И без того им было раздолье. Он видел их в городе, в сдвоенных отражениях немытых витрин, в пыли, взметаемой на ветру, в черных дырах квартир за приоткрытыми шторами, в стеклах уплывающих машин, среди беззаботных людей, на крышах зданий и возле дома, в котором жила Зоя. Сколько раз он пытался сказать, предостеречь, чтобы увидели и ужаснулись вместе с ним, но от него отмахивались, как от мухи, со смехом, шутя, сдували на него пивную пену, плевались шелухой от семечек, кидали мелочь… Признаться, в иные дни от него и впрямь пованивало псиной.

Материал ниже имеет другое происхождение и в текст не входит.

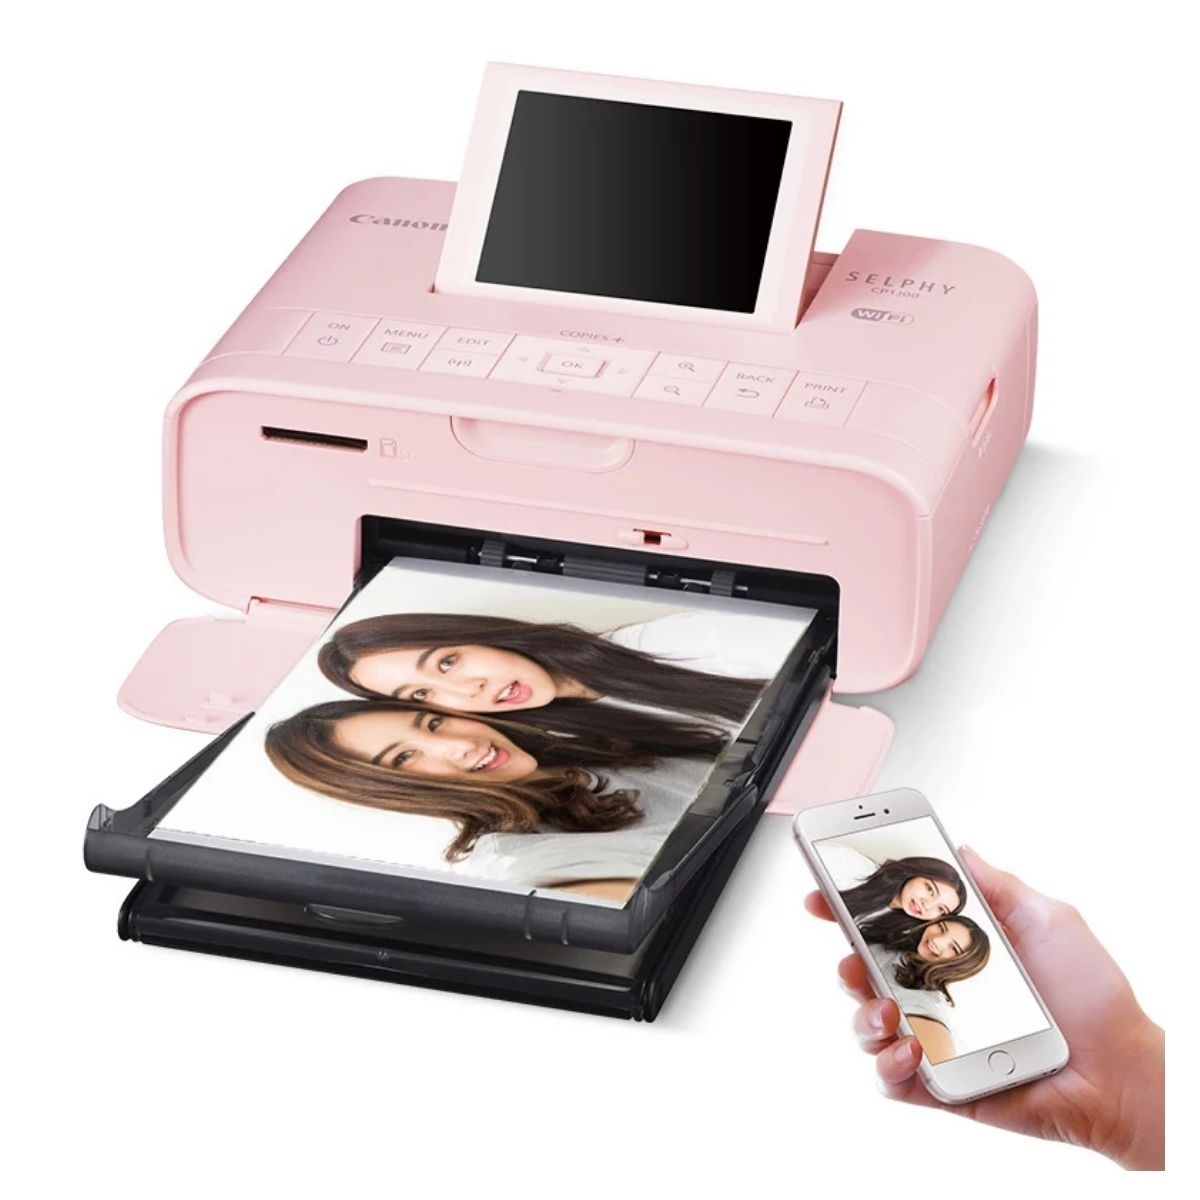 Мини принтер для печати фотографий с телефона

Его не слышали и не слушали. Слишком много обреченных людей беспечно сновало повсюду, подобно муравьям, не видящим занесенного над ними ботинка. Слишком доступны были их души. И силы не осознающих смертельной опасности мужчин и женщин легко истощались в роковом водовороте мелких дел и будничных событий. Это он понимал настолько отчетливо, что видение зачастую представлялось свершившимся фак-том, и тогда, перепуганный, он бежал к дому Зои, чтобы убедиться, что с ней ничего не случилось.

Чтобы оставаться незамеченным, он старался спать днем, а работал по ночам, когда звукам труднее обманывать слух. Почти всегда сон его был страшен и быстр. Часто, вырываясь из мокрых ремней забвения, он выбегал на улицу, чтобы освободиться от ужаса, исчезающего долго, как изжога. Тогда его можно было видеть неподвижно стоящим перед каким-нибудь домом. Кошмар, вероятно, еще сковывал его сознание. Растрепанный, сжав кулаки, он вглядывался безумными глазами в черный, пустынный зев распахнутого окна.

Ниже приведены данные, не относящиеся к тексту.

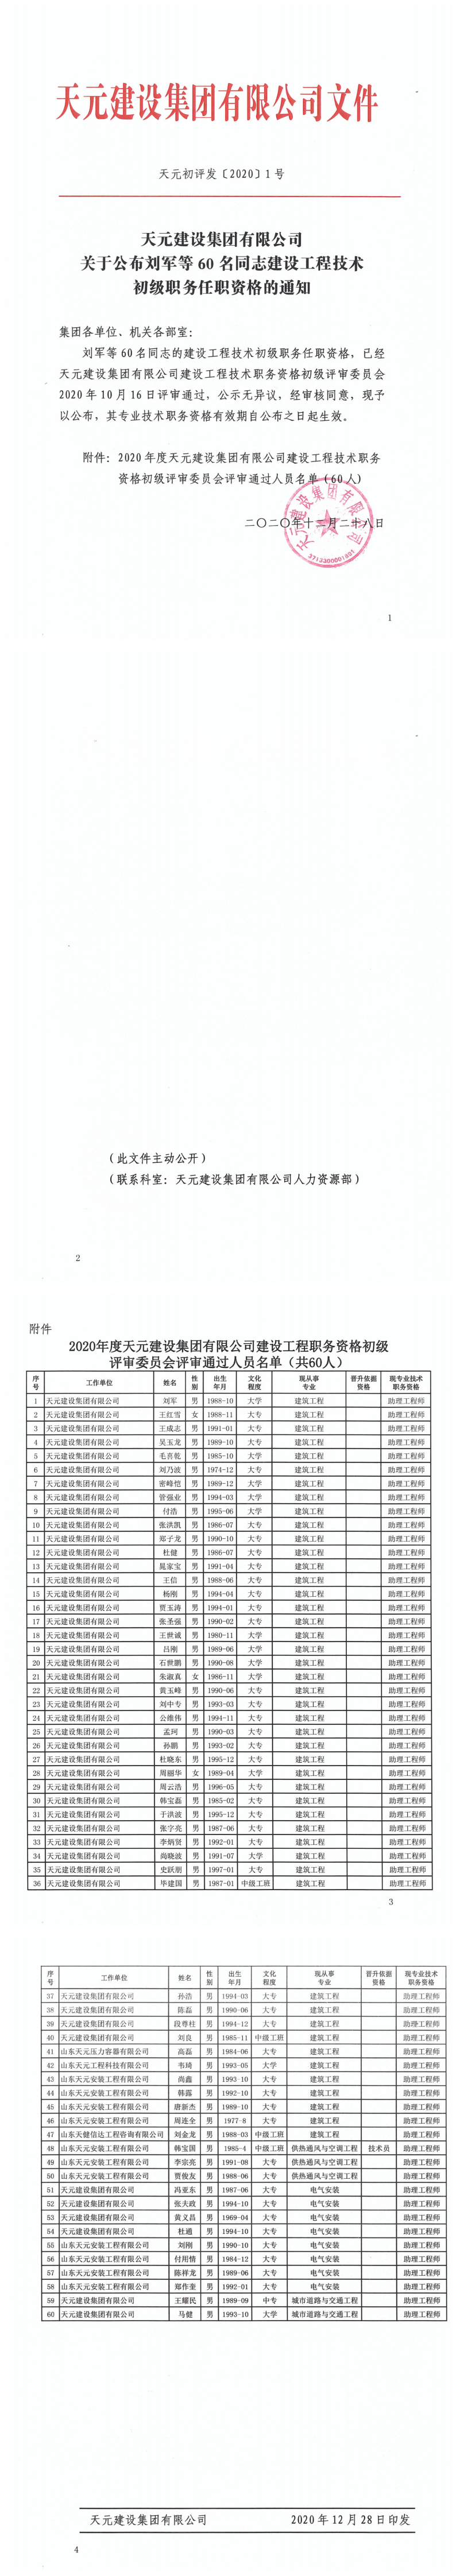 关于公布刘军等60名同志建设工程技术初级职务任职资格的通知(图1)

От заброшенной каменоломни до береговой черты двести шагов. Двести шагов — если идти налегке. С куском каменной глыбы в одеревенелых руках этот путь кажется бесконечным, каждый шаг стоит дорого.

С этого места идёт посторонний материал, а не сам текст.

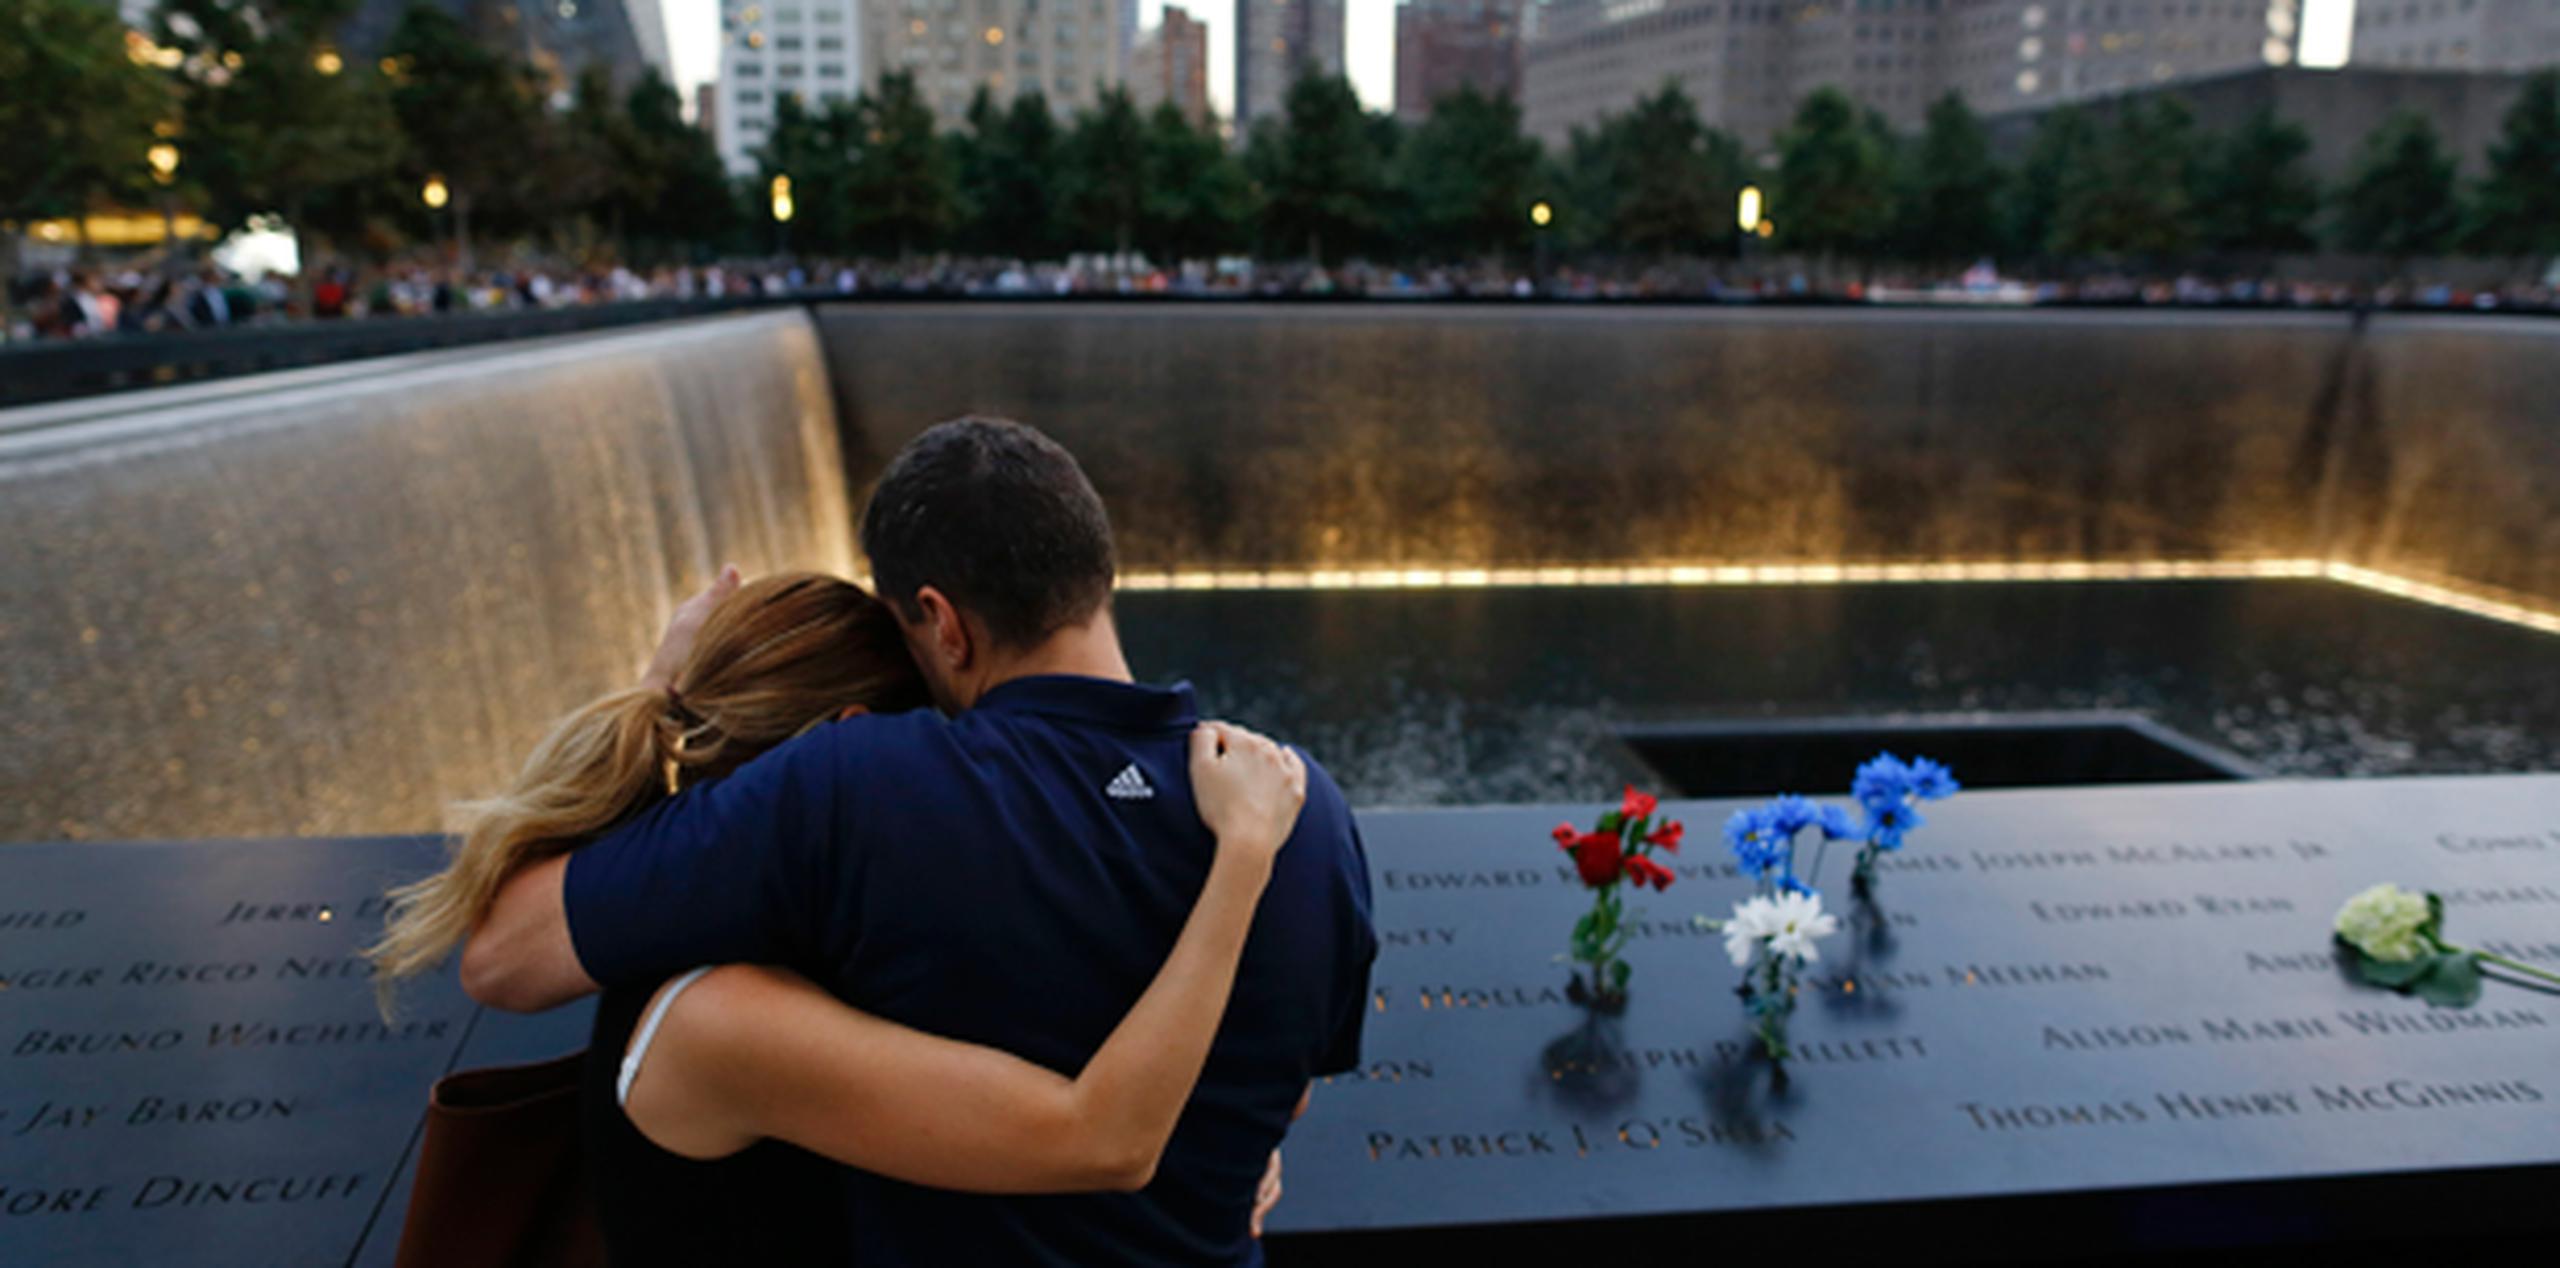 Se estima que 20,000 personas acudieron el año pasado a la plaza monumental en la tarde del 11 de septiembre, el primer año en que se permitió al público visitar el lugar en el aniversario. (AP)

Перехватив его левой рукой, поскольку левая была крепче, он крепко прижимал холодный камень к сердцу. Раньше он мог взвалить его на плечо, так удобнее было нести, но с недавнего времени мозоль на плече начала гноиться, и теперь камень приходилось держать в обхват.

Словно по тонкому льду, мелко переставляя ноги, он нес его к лодке по кратчайшей, им протоптанной тропинке. Эта тропинка никогда не высыхала полностью, всегда оставалась коварно скользкой, грозя внезапным падением (что случалось с ним не раз, и однажды чуть не закончилось гибелью, когда он рухнул на спину в обнимку с тяжелой глыбой, после чего проболел больше месяца). Он боялся ее, как змею, пока не распознал ее подлость и не научился с ней ладить, ступая сперва на пятку, затем на всю ступню, как бы вдавливая ногу в глинистую почву. От напряжения шея натужно раздувалась, воспаленные глаза стекленели и наполнялись слезой, лицо делалось жарким, пунцовым, а лоб прорезала косая белая полоса, тянувшаяся к виску.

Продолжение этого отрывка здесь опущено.